Common Deal Documents and Structure
A business acquisition typically moves through several stages:
- Letter of Intent (LOI): A mostly non-binding document that sets out the key commercial terms — purchase price, deal structure, timeline, and any exclusivity period — before the parties invest heavily in legal fees and due diligence.
- Purchase Agreement: The binding contract. In an asset deal this is an Asset Purchase Agreement; in a share deal, a Share Purchase Agreement. It describes exactly what is being bought, at what price, and on what conditions.
- Representations and Warranties: Statements by the seller (and sometimes the buyer) about the state of the business or the corporation. If a representation turns out to be false after closing, the buyer may have a claim for damages.
- Holdbacks and Adjustments: It is common to hold back a portion of the purchase price for a period after closing to cover warranty claims that arise. Purchase price adjustments are also standard — for example, adjusting for changes in working capital between signing and the closing date.
A lawyer experienced in business acquisitions can negotiate the purchase agreement, conduct or coordinate due diligence, advise on deal structure, and make sure nothing important falls through the cracks between LOI and closing.
Frequently asked questions
Can I buy just one part of a business, like its client list or a single product line?
Yes. An asset purchase can be scoped to specific assets — a particular product line, a customer book, a trade name, a piece of equipment, or any combination. You are not obligated to take everything. The purchase agreement defines precisely what transfers and what stays with the seller. This targeted approach is common in partial acquisitions or when a seller is winding down one division while keeping the rest of the business.
What makes a corporation a "Qualifying Small Business Corporation"?
A Qualifying Small Business Corporation (QSBC) is a private corporation controlled by Canadian residents that meets specific tests under the Income Tax Act — primarily relating to the proportion of its assets used in an active business carried on in Canada, and how long those assets have been held. Meeting the QSBC criteria is what unlocks the Lifetime Capital Gains Exemption for shareholders on a share sale. Whether a particular corporation qualifies is a fact-specific determination your accountant and lawyer should confirm before you finalize the deal structure.
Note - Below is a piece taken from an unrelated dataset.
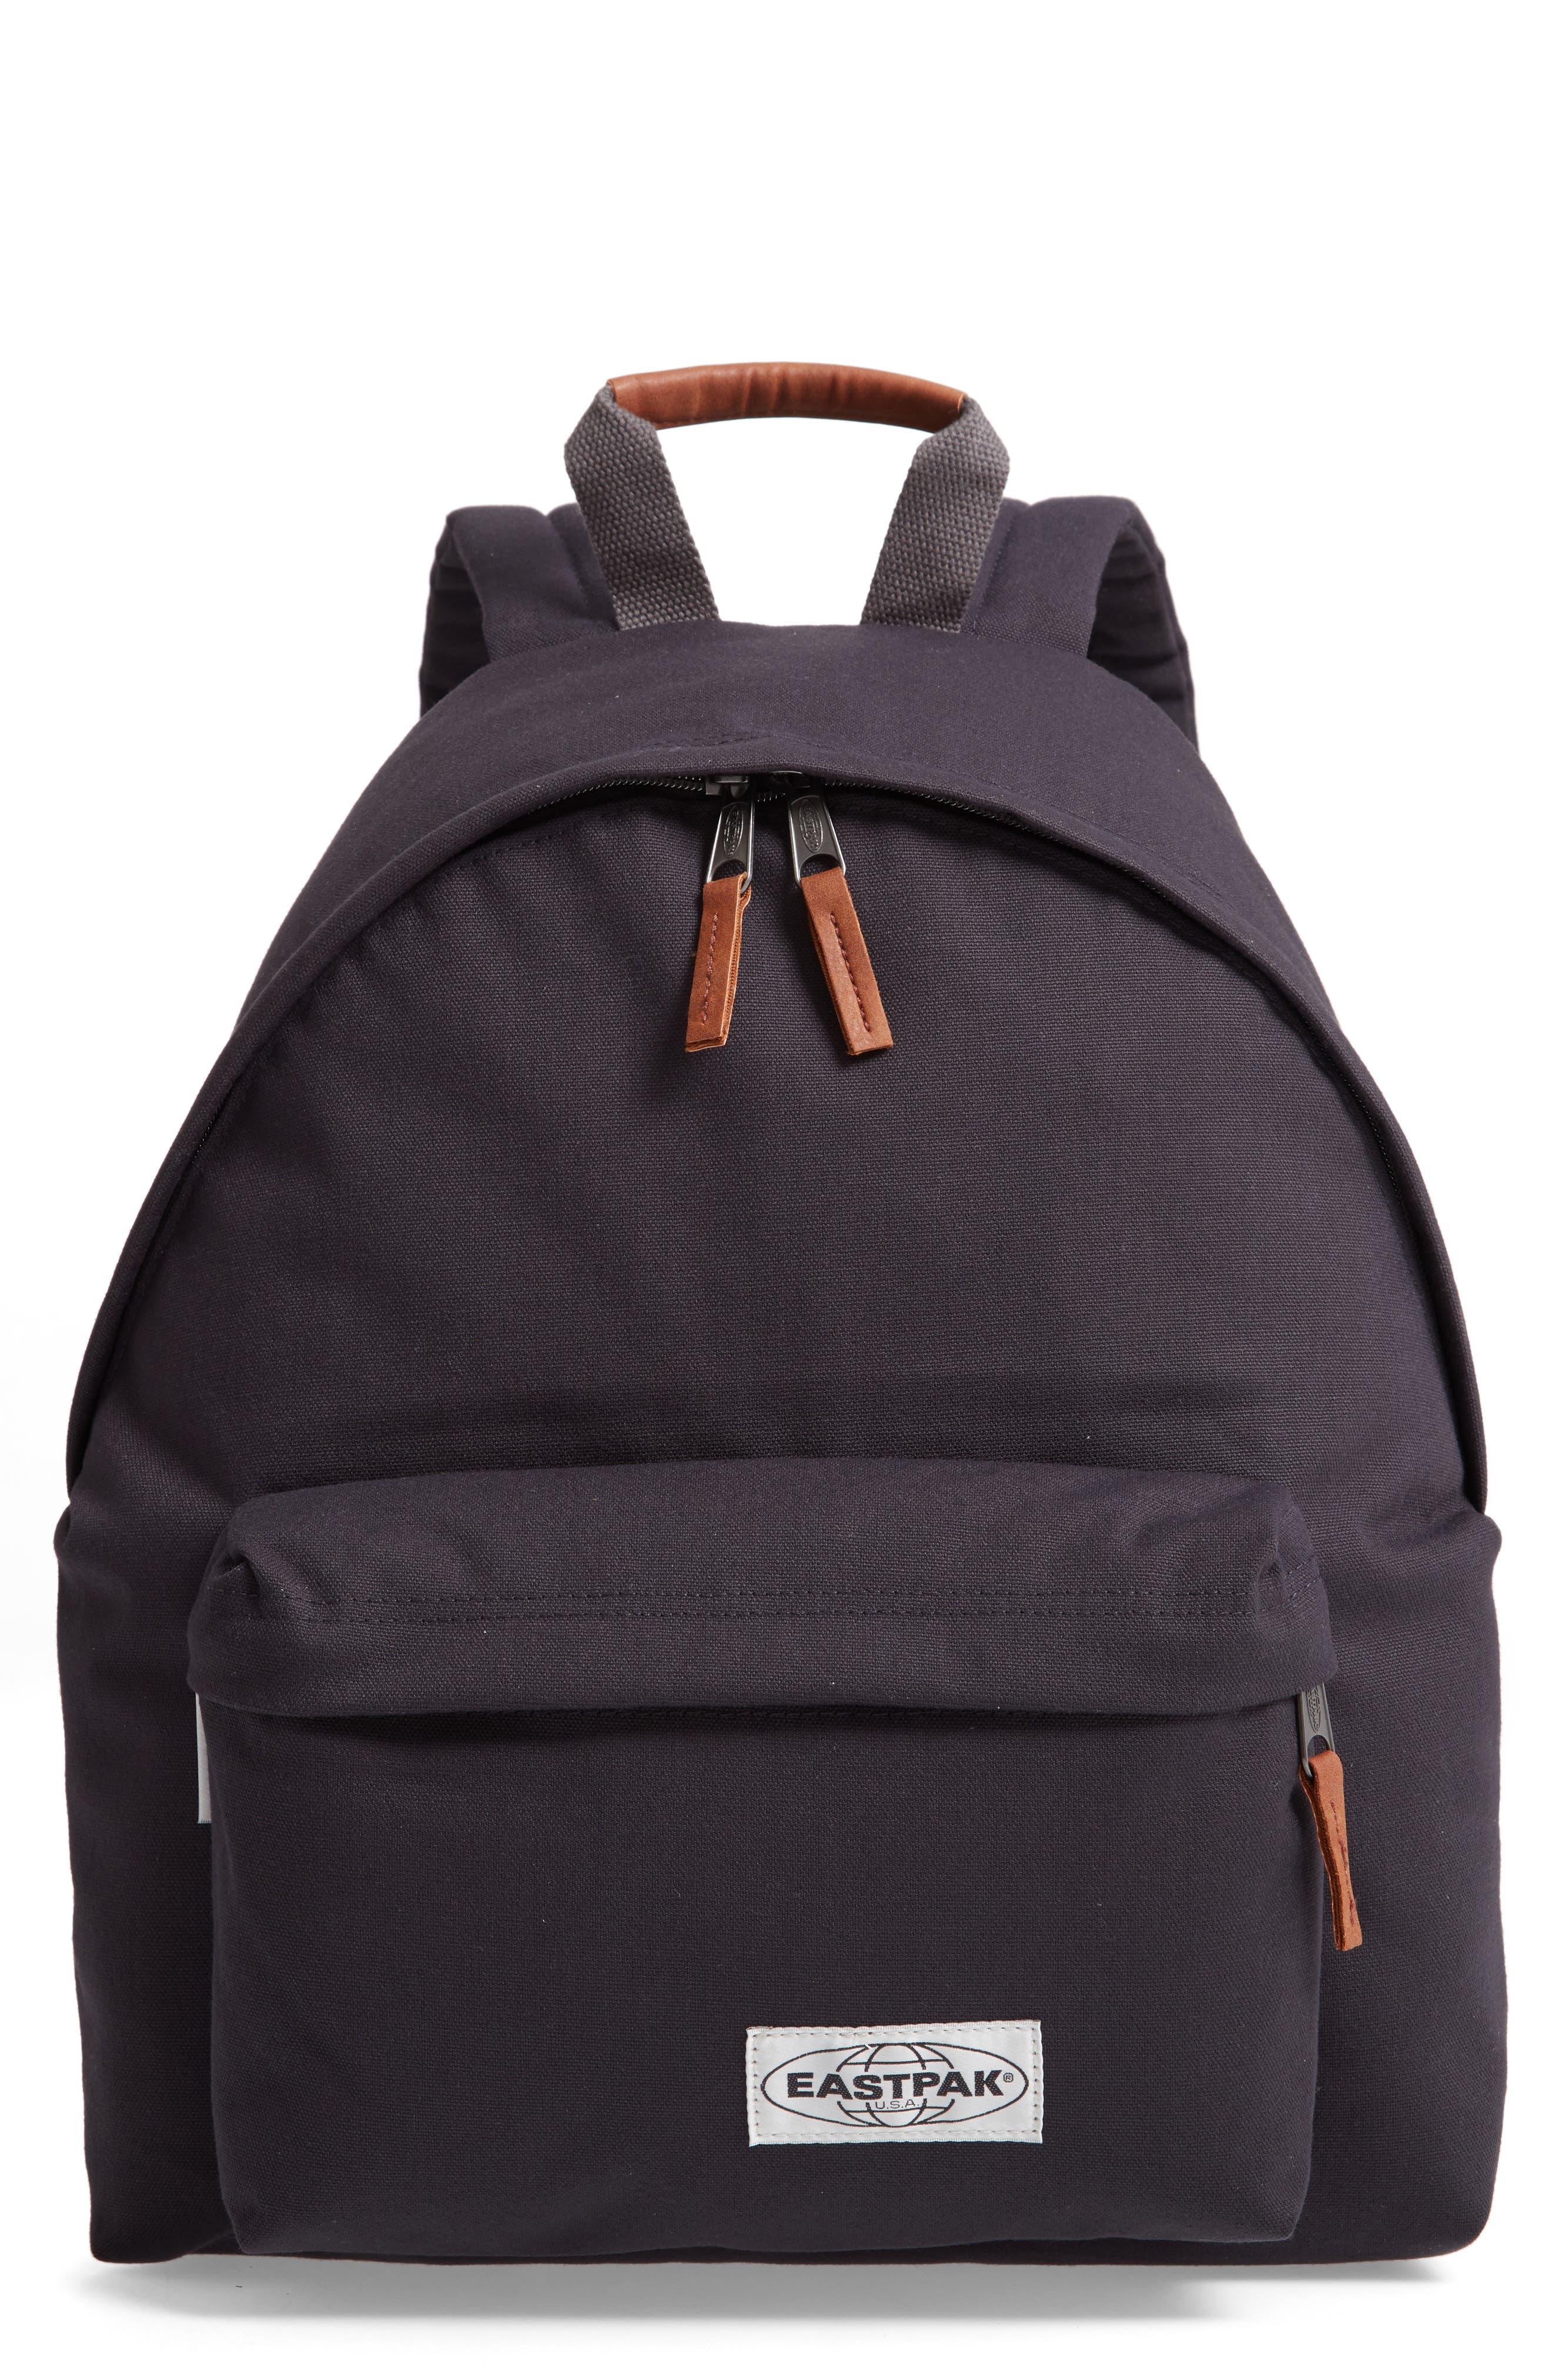 Eastpak Padded Pakr Backpack - Black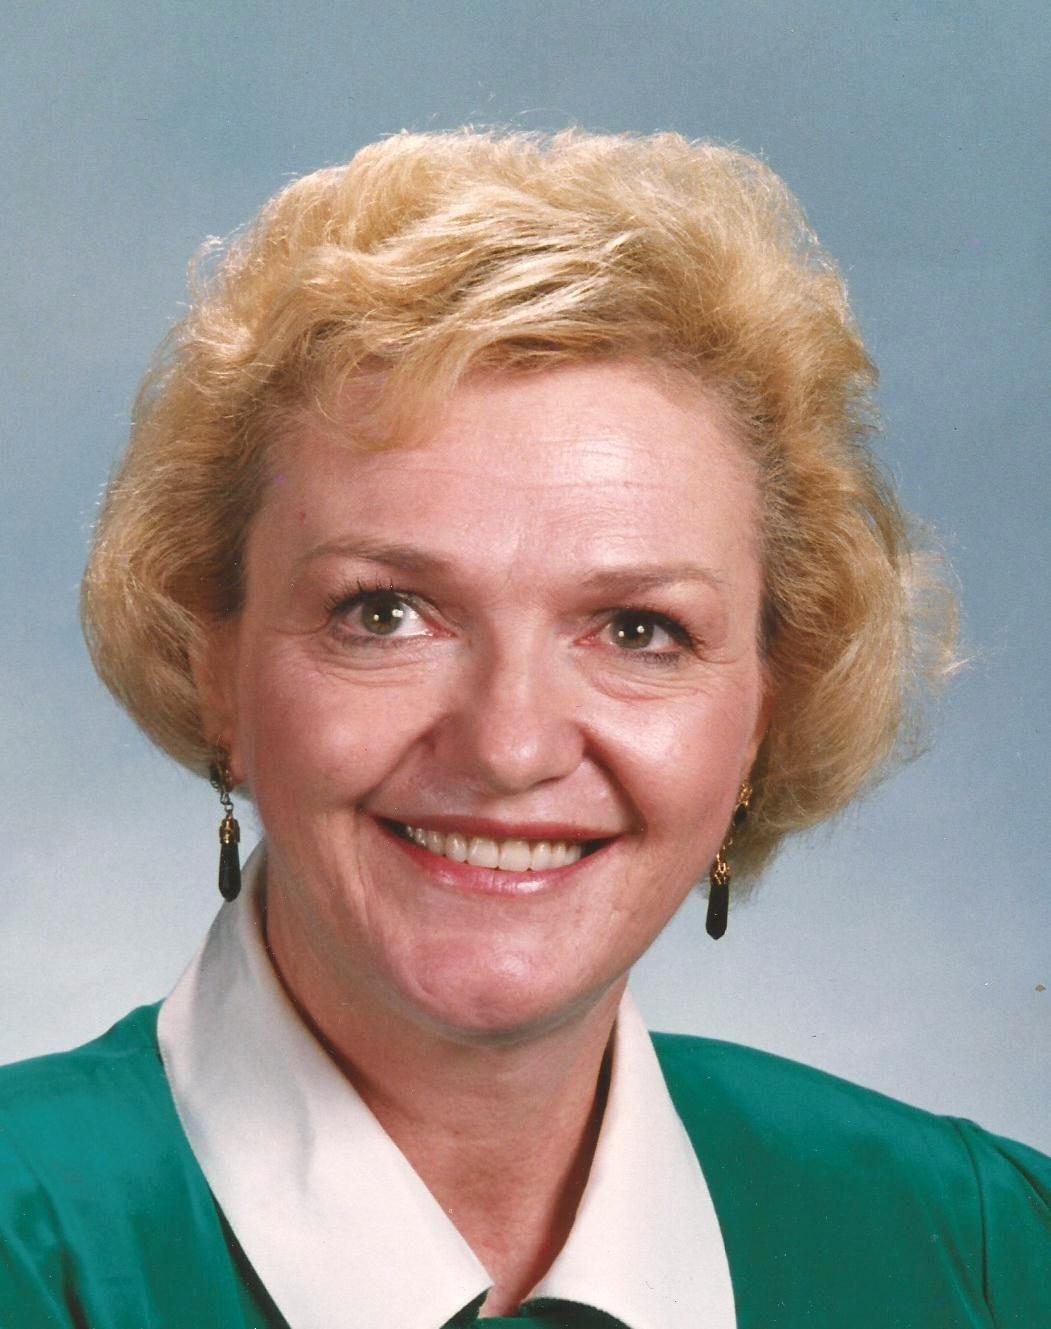 Cynthia Cypert

Do I need a lawyer if the deal is straightforward and both parties agree?
Even friendly, apparently simple transactions carry real legal and financial risk. A purchase agreement is a binding contract, and representations and warranties create ongoing liability for the seller after closing. Many disputes arise not because parties acted in bad faith, but because the documents did not clearly address what happens when things do not go as expected. A lawyer who handles business acquisitions regularly can flag issues, negotiate protective language, and help you avoid problems that would cost far more to fix after the deal is done.
How long does a typical business purchase take to close in Ontario?
It depends on the complexity of the business and the deal structure. Simple transactions with complete and organized records can close in four to eight weeks from LOI to closing. Larger or more complex deals — particularly those requiring third-party consents, regulatory approvals, or more extensive due diligence — can take several months. Setting a realistic timeline at the outset, and making sure both parties are organized and responsive, goes a long way toward keeping things on track.